BIVOUAC
2024.11.19
特集『ロングインタビュー:ビバークの現在地』
no-deの相談支援事業所『ビバーク』が開所してから、約半年が経過しました。
この短期間で、ビバークはどのような歩みを進めてきたのでしょうか。
現在の活動状況や抱いている想い、そして今後の展望について、no-deの共同代表であり、元・相談支援専門員でもある高木氏が、ビバーク相談支援専門員の藤本氏にインタビューを実施。
これまでの活動の成果や課題を振り返りつつ、ビバークが目指す未来について深掘りしていきます。
no-de共同代表 高木氏
相談支援専門員 藤本氏
“ビバークらしさの正体”
(高木)
– ビバークが開所して半年経ったので、ここで1回きちんと皆さんにビバークの状況をお伝えしたいなと。半年間いろんなことあったと思うんですけど、まずはどんな流れで今に至るか、振り返ってもらえたら嬉しいです。
(藤本)
4月に開所させてもらって右も左も分からない草津での開所だったので、すごく端的に言うとすごく悩んで苦労した半年だったなという感じです。

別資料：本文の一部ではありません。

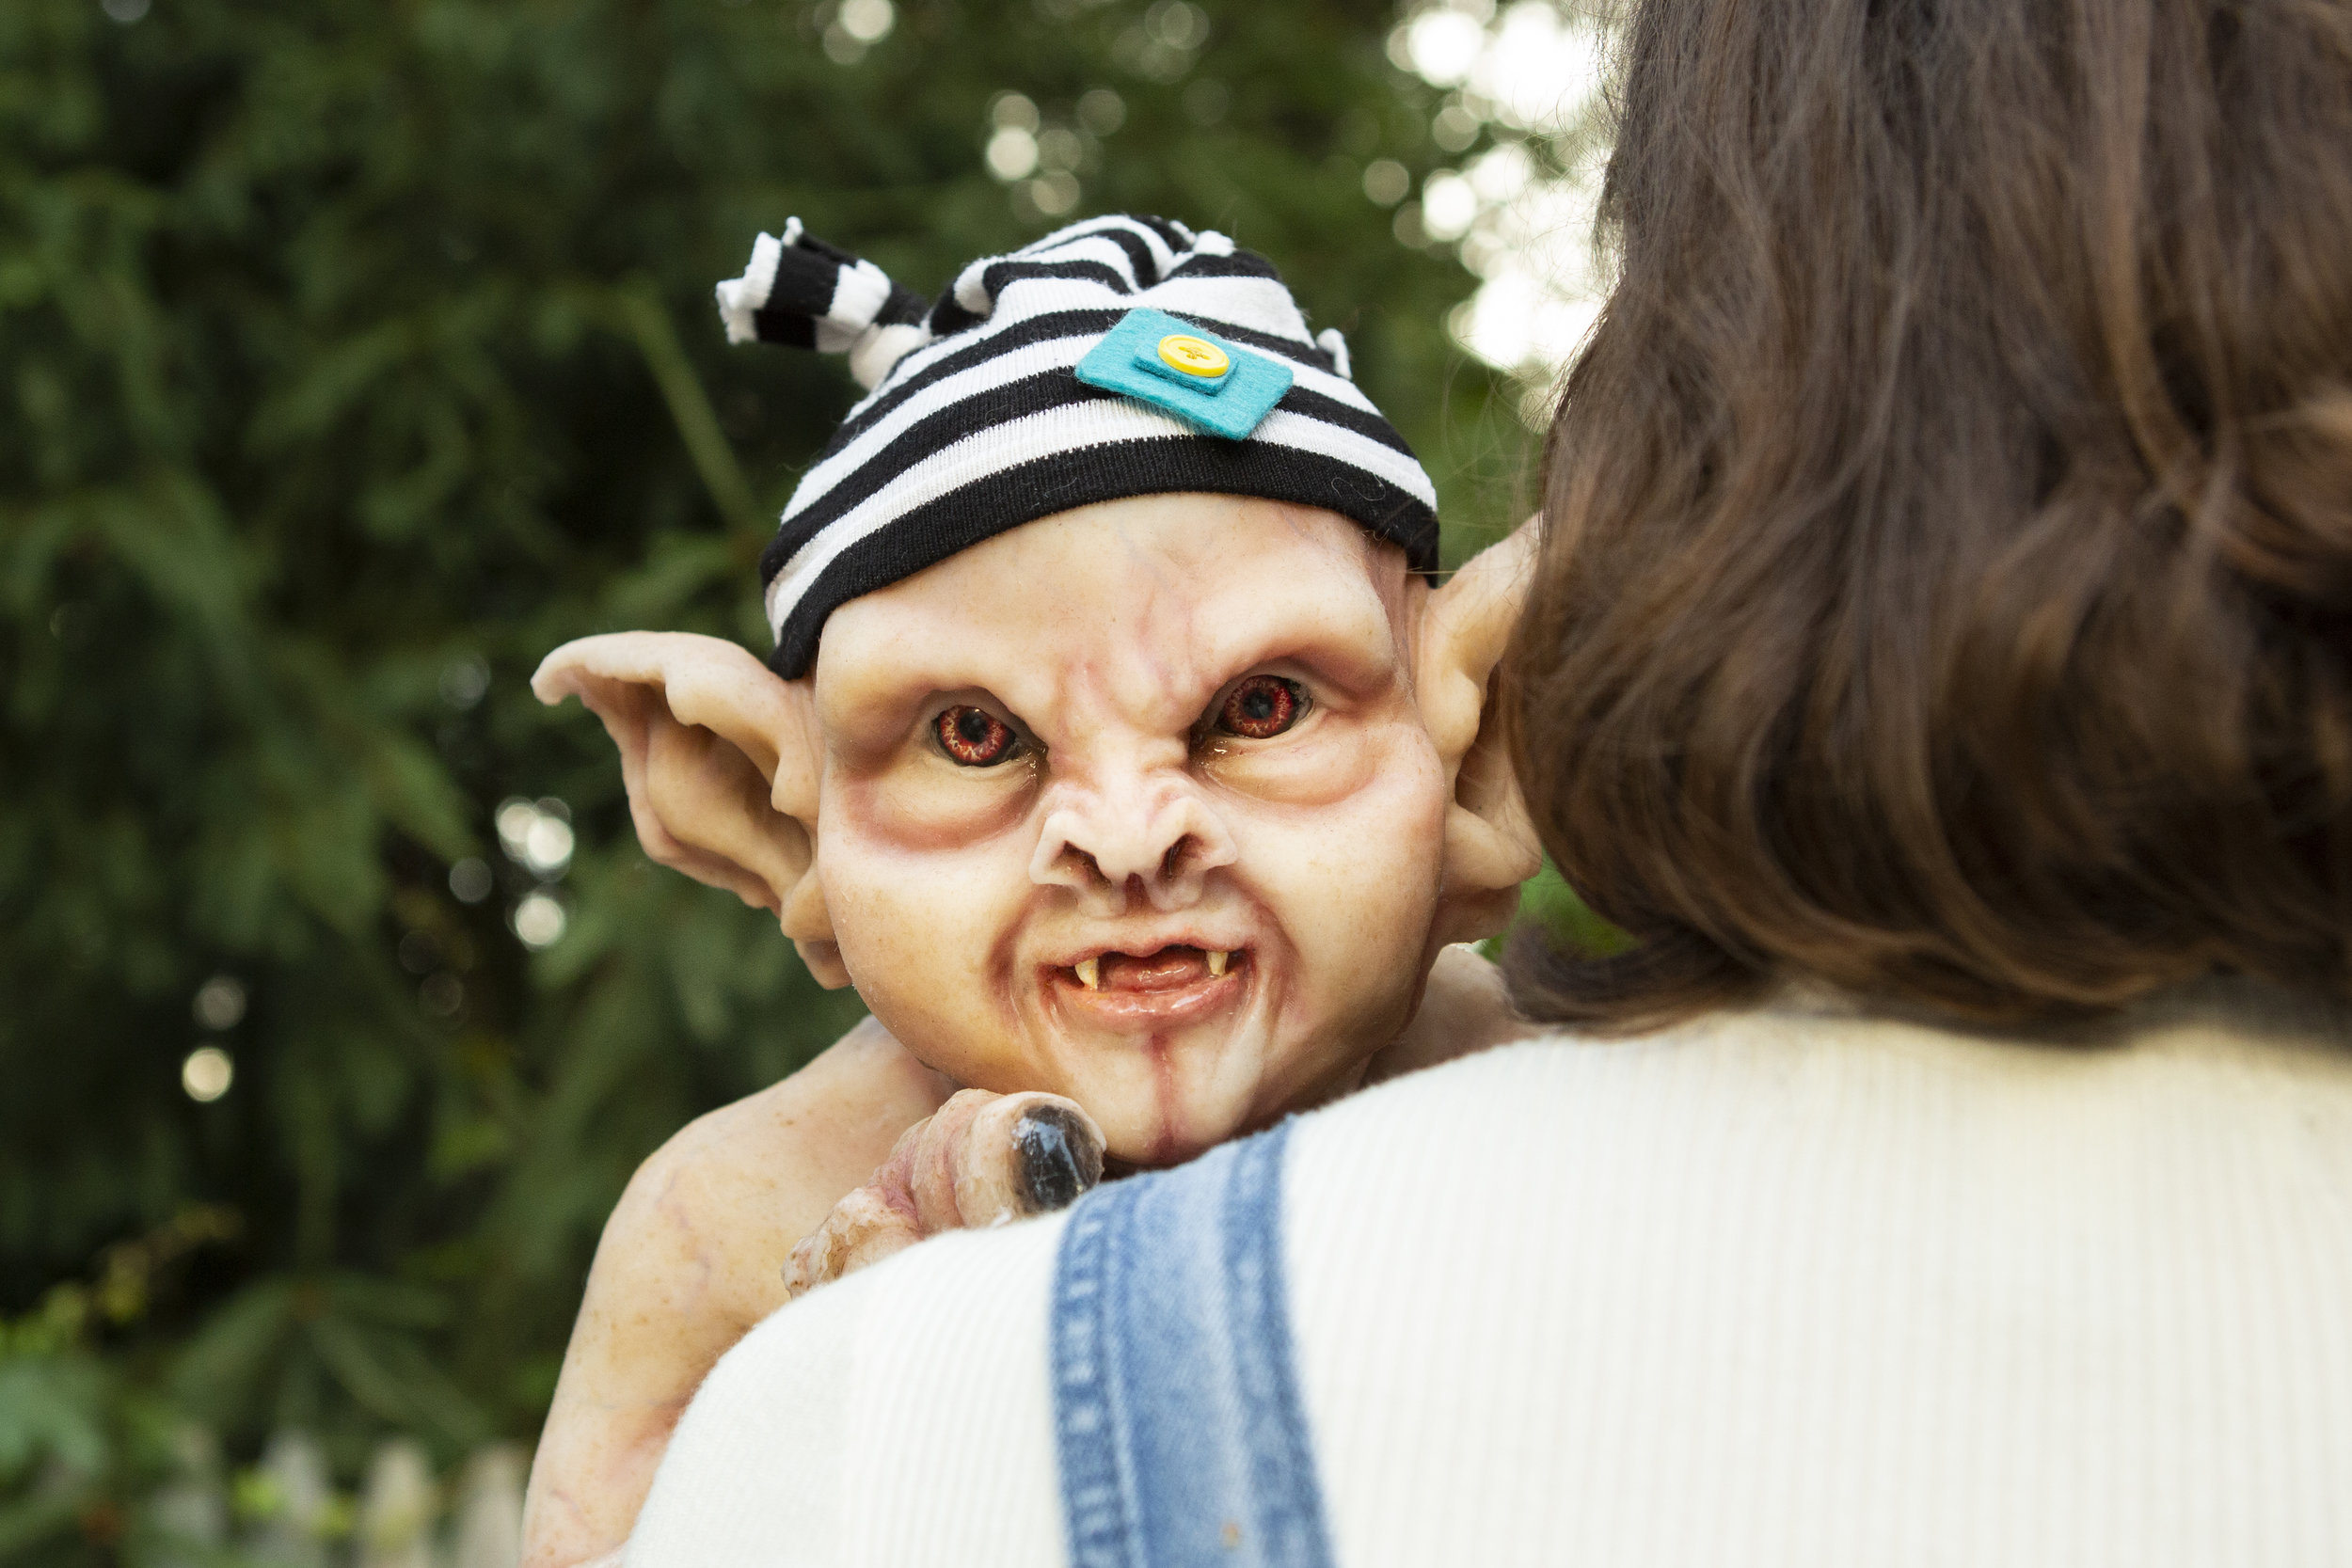 Fun Hats | Newborn Vampire  | Newborn photoshoot | Ravendark Creations Vampire Baby | Newborn Photoshoots | Alyssia Booth's Candid & Studio | www.abcandidstudio.com

大きくはまず、馴染んでいくための半年間だったなという感じがあって。
利用してくださる人にも、支援をしてくださる支援者さんにも、地域にも馴染んで行くのにようやく最近馴染めてきたっていう感覚なので、振り返るとそういう半年間だったなと思います。
– なかなかお手伝いもできず申し訳なかったんですけど、藤本さんが本当に1人でここまでしてくださったっていうのは感謝でしかないんですけど。
ビバークの利用者さんの状況は今はどんな状態ですか?現在成人が何人とか、実際新規受け入れもしていますか?みたいなことも含めて教えて下さい。
現在は約50名の利用者さんがおられて、割合としては9割が児童、1割が成人になりました。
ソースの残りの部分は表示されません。